The federal government ships a large portion of testing resources to hotspot cities, hospitals and nursing homes, physicians say. Shortages of testing resources are commonplace in labs across the country, especially the supplies connected to the more intrusive PCR tests. Most of those resources—nasal swabs, plastic consumables, liquid reagents—are single-use.

The infamous delays in return times are rooted in insufficient supply and labs that have reached their testing capacity. This creates backlogs, turning a 24-hour return time to 72 hours. Physicians don’t expect lab issues to improve this fall as the country enters the flu season while juggling a pandemic.
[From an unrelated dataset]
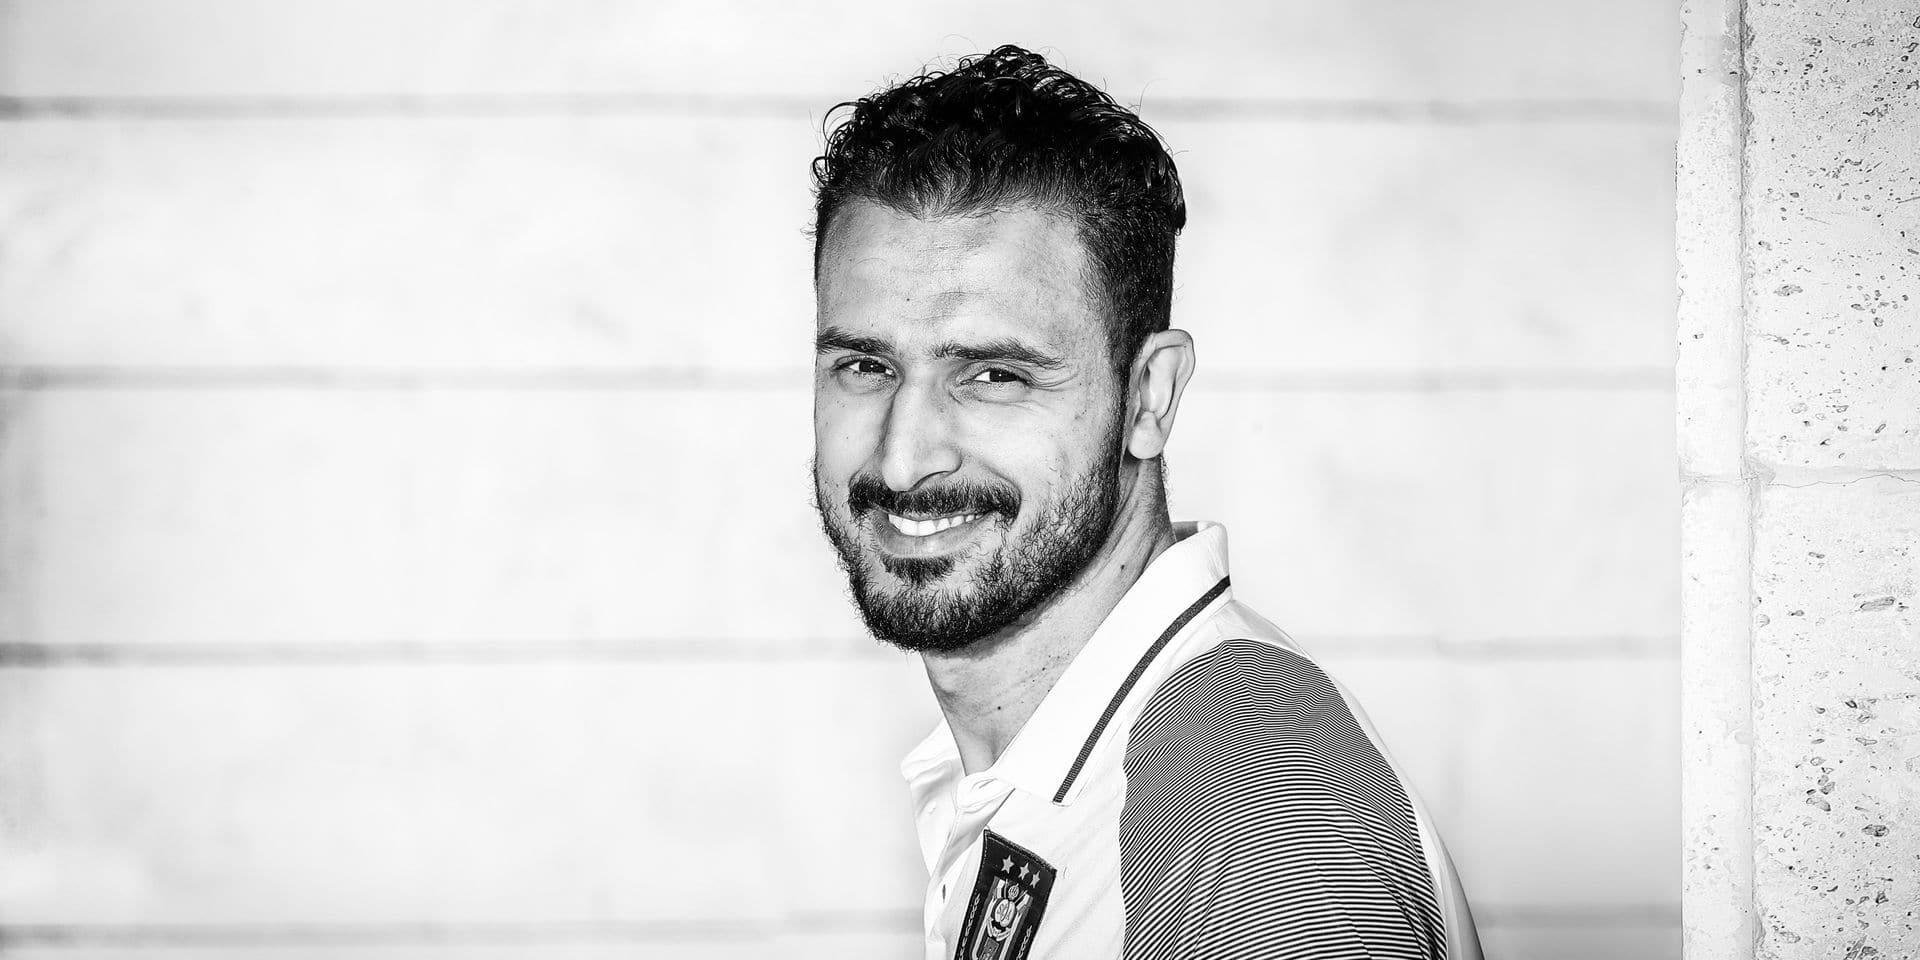 """Avant le Clasico, Nacer Chadli s'exprime sur l'investissement au Standard et sur sa saison à Anderlecht: """"J'ai investi autour d'un million à Sclessin mais que le meilleur gagne"""""""

Lab administrators in Texas, California, Utah and Washington told Sports Illustrated they expect their testing capacity to increase significantly this fall. Huard anticipates a “big strain” on labs that will have an impact on athletic programs. “It’s like you might want to ask, ‘Why can’t they make a billion of these?!’ Well, they are, and we’re all using them,” says Baird.

For this reason, innovations and advancements in accurate point-of-care tests are essential. You bypass the lab. In the meantime, research groups are working on at-home, self-administered tests. Pinsky believes those could be available in six months. “That’s optimistic,” he says, “but it’s O.K. to be optimistic.”
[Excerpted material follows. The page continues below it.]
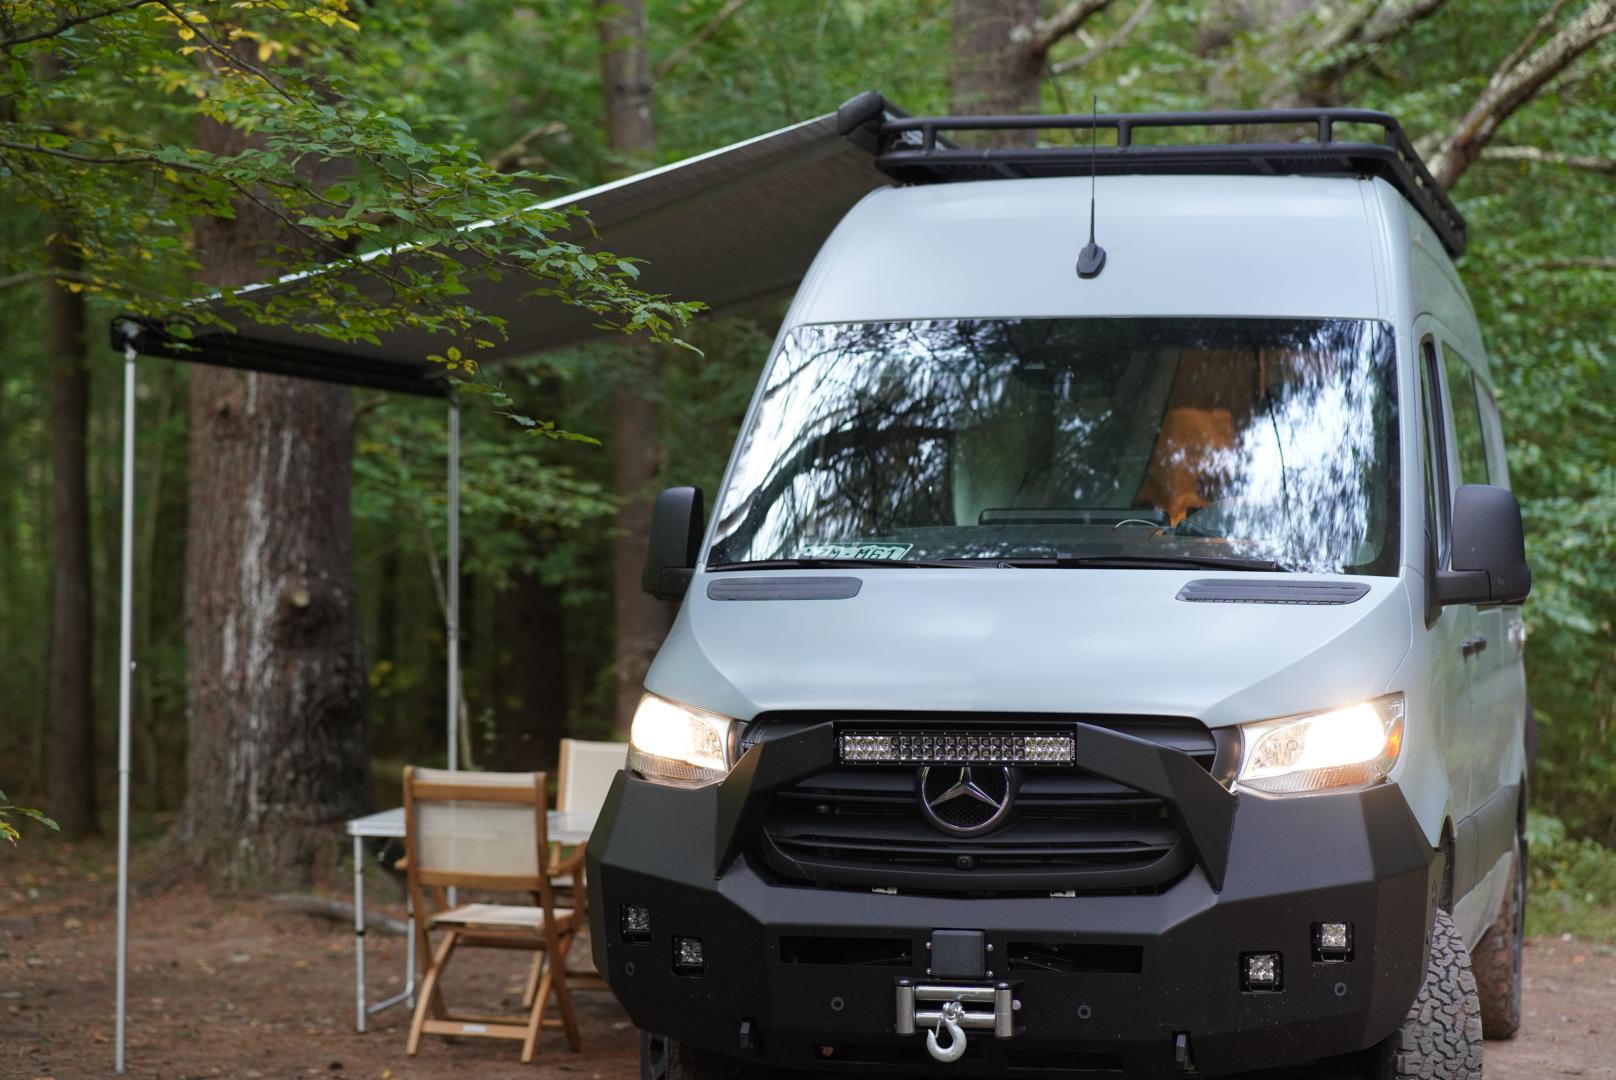 Mercedes-Benz Sprinter RV Motorhome Campervan 2019

All of this said, testing is not foolproof and it doesn’t come without ethical dilemmas. Many doctors are asking themselves why thousands of healthy, asymptomatic adults are using testing resources that could be used for those in need. “There are not enough tests capability right now to test all the people we want with the frequency we want,” says Baird. “You have to ask yourselves, ‘Is that ethical—paying for healthy athletes to get to the front of the line over sick people?’ That’s not a great look.”
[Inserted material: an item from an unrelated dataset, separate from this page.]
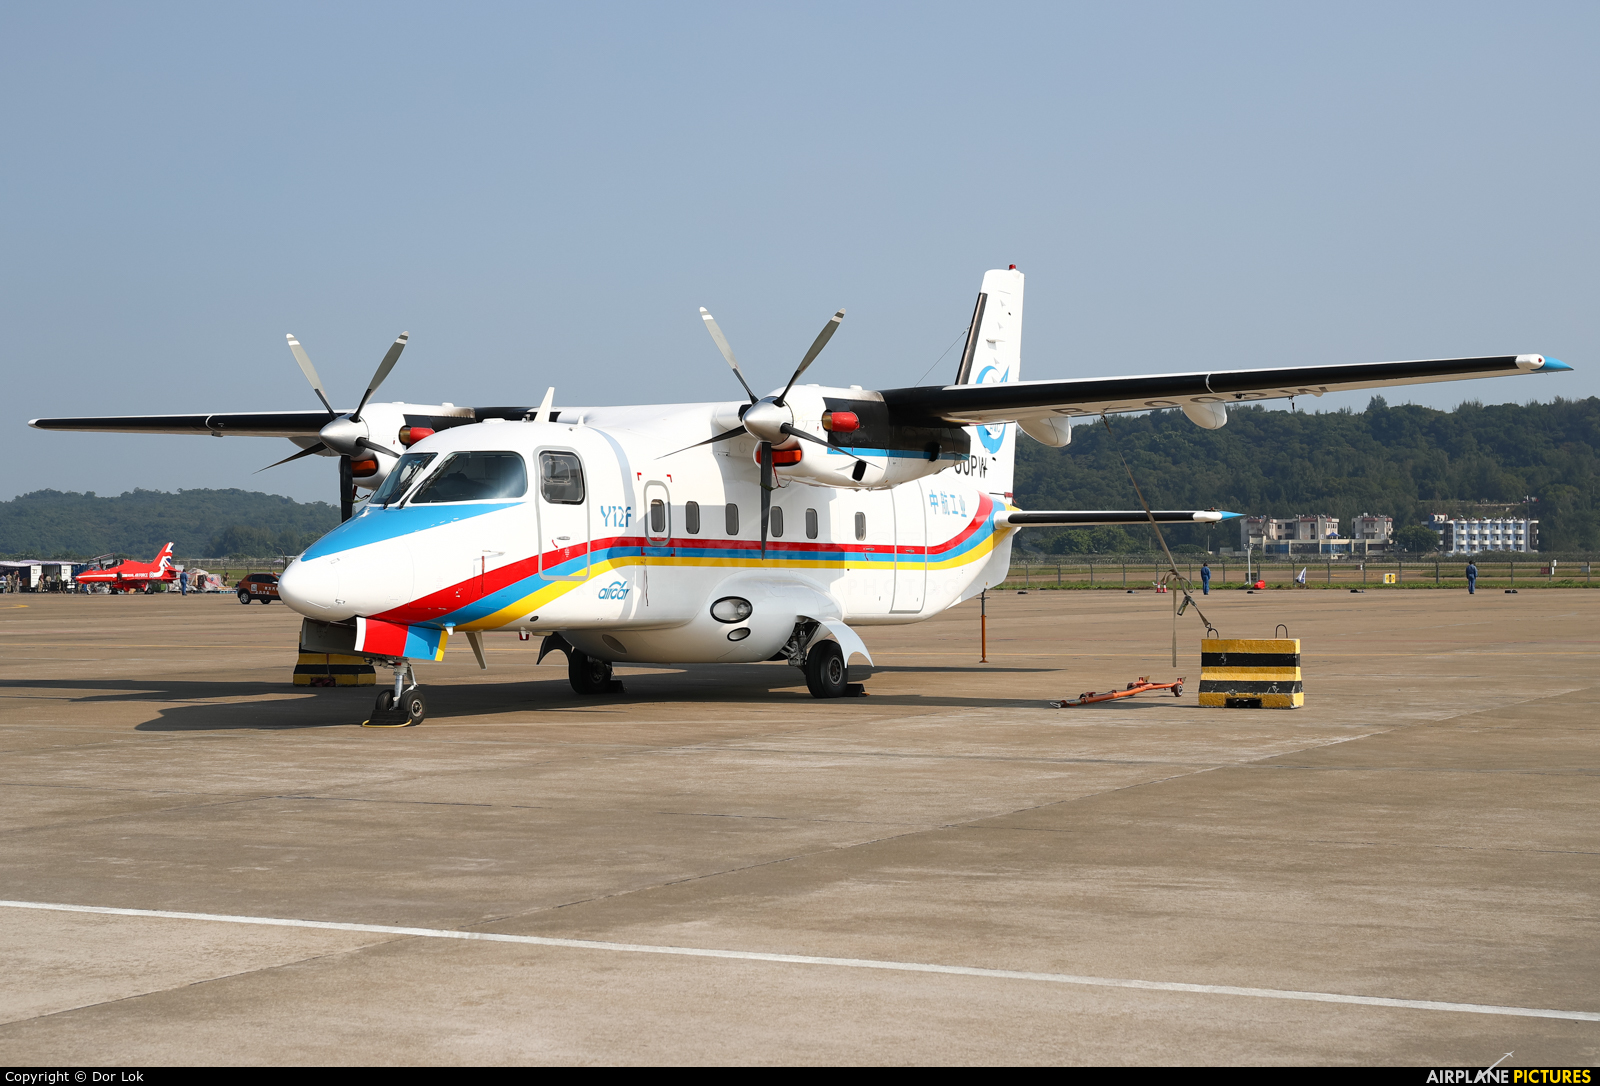 AVIC - China Aviation B-00PW aircraft at Zhūhǎi-Jīnwān

Sankar Swaminathan, chief of the infectious diseases department at the Utah School of Medicine, is a member of the Pac-12’s COVID-19 advisory panel and was involved in the league’s discussion to cancel a fall season. He sees flaws in the in-season weekly testing protocols for the six FBS conferences still attempting to play. It normally takes three to five days after contracting COVID-19 for a person to begin shedding the virus and registering a positive result.

Even in a thrice-weekly testing plan, there are windows for the possibility of a positive to go undetected before teams collide with another team on the field. “Therein lies the problem,” says Swaminathan. “You need an accurate point-of-care test right before the game.”

The testing industry continues moving closer to achieving that milestone. Until then, Swaminathan has a message for those teams planning to play this fall.

“Good luck,” he says. “I wouldn’t want to predict anything. I hope they succeed and nobody gets sick. But I wouldn’t bet on it.”